→ Instructions to follow:
All of the entries must be output exactly as they are.

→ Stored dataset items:
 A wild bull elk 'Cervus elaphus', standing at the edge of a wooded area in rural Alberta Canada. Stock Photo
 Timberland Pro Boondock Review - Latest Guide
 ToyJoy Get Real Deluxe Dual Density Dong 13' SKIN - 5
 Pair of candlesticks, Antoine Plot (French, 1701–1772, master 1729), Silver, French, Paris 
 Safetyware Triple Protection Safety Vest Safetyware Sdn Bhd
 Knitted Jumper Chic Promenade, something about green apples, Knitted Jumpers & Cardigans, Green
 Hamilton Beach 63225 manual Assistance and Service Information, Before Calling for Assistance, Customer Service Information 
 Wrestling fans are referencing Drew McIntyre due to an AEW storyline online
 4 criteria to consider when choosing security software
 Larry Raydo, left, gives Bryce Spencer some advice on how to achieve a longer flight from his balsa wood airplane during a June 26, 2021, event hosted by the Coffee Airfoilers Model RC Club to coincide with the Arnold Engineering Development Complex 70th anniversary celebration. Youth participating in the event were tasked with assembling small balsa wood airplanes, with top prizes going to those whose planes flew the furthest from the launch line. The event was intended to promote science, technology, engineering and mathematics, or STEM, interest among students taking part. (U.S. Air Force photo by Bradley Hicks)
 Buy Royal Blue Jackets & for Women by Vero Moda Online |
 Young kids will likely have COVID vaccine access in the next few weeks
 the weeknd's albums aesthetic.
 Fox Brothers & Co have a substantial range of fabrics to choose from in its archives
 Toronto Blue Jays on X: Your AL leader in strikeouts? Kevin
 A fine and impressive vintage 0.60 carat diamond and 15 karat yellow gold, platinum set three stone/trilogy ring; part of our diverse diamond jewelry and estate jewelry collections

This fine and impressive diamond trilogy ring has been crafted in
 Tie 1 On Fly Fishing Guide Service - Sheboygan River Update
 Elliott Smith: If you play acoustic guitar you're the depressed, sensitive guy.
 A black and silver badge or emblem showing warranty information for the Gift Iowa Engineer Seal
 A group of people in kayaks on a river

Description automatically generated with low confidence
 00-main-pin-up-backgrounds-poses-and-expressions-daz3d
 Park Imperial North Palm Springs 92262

→ Response area:
 A wild bull elk 'Cervus elaphus', standing at the edge of a wooded area in rural Alberta Canada. Stock Photo
 Timberland Pro Boondock Review - Latest Guide
 ToyJoy Get Real Deluxe Dual Density Dong 13' SKIN - 5
 Pair of candlesticks, Antoine Plot (French, 1701–1772, master 1729), Silver, French, Paris 
 Safetyware Triple Protection Safety Vest Safetyware Sdn Bhd
 Knitted Jumper Chic Promenade, something about green apples, Knitted Jumpers & Cardigans, Green
 Hamilton Beach 63225 manual Assistance and Service Information, Before Calling for Assistance, Customer Service Information 
 Wrestling fans are referencing Drew McIntyre due to an AEW storyline online
 4 criteria to consider when choosing security software
 Larry Raydo, left, gives Bryce Spencer some advice on how to achieve a longer flight from his balsa wood airplane during a June 26, 2021, event hosted by the Coffee Airfoilers Model RC Club to coincide with the Arnold Engineering Development Complex 70th anniversary celebration. Youth participating in the event were tasked with assembling small balsa wood airplanes, with top prizes going to those whose planes flew the furthest from the launch line. The event was intended to promote science, technology, engineering and mathematics, or STEM, interest among students taking part. (U.S. Air Force photo by Bradley Hicks)
 Buy Royal Blue Jackets & for Women by Vero Moda Online |
 Young kids will likely have COVID vaccine access in the next few weeks
 the weeknd's albums aesthetic.
 Fox Brothers & Co have a substantial range of fabrics to choose from in its archives
 Toronto Blue Jays on X: Your AL leader in strikeouts? Kevin
 A fine and impressive vintage 0.60 carat diamond and 15 karat yellow gold, platinum set three stone/trilogy ring; part of our diverse diamond jewelry and estate jewelry collections

This fine and impressive diamond trilogy ring has been crafted in
 Tie 1 On Fly Fishing Guide Service - Sheboygan River Update
 Elliott Smith: If you play acoustic guitar you're the depressed, sensitive guy.
 A black and silver badge or emblem showing warranty information for the Gift Iowa Engineer Seal
 A group of people in kayaks on a river

Description automatically generated with low confidence
 00-main-pin-up-backgrounds-poses-and-expressions-daz3d
 Park Imperial North Palm Springs 92262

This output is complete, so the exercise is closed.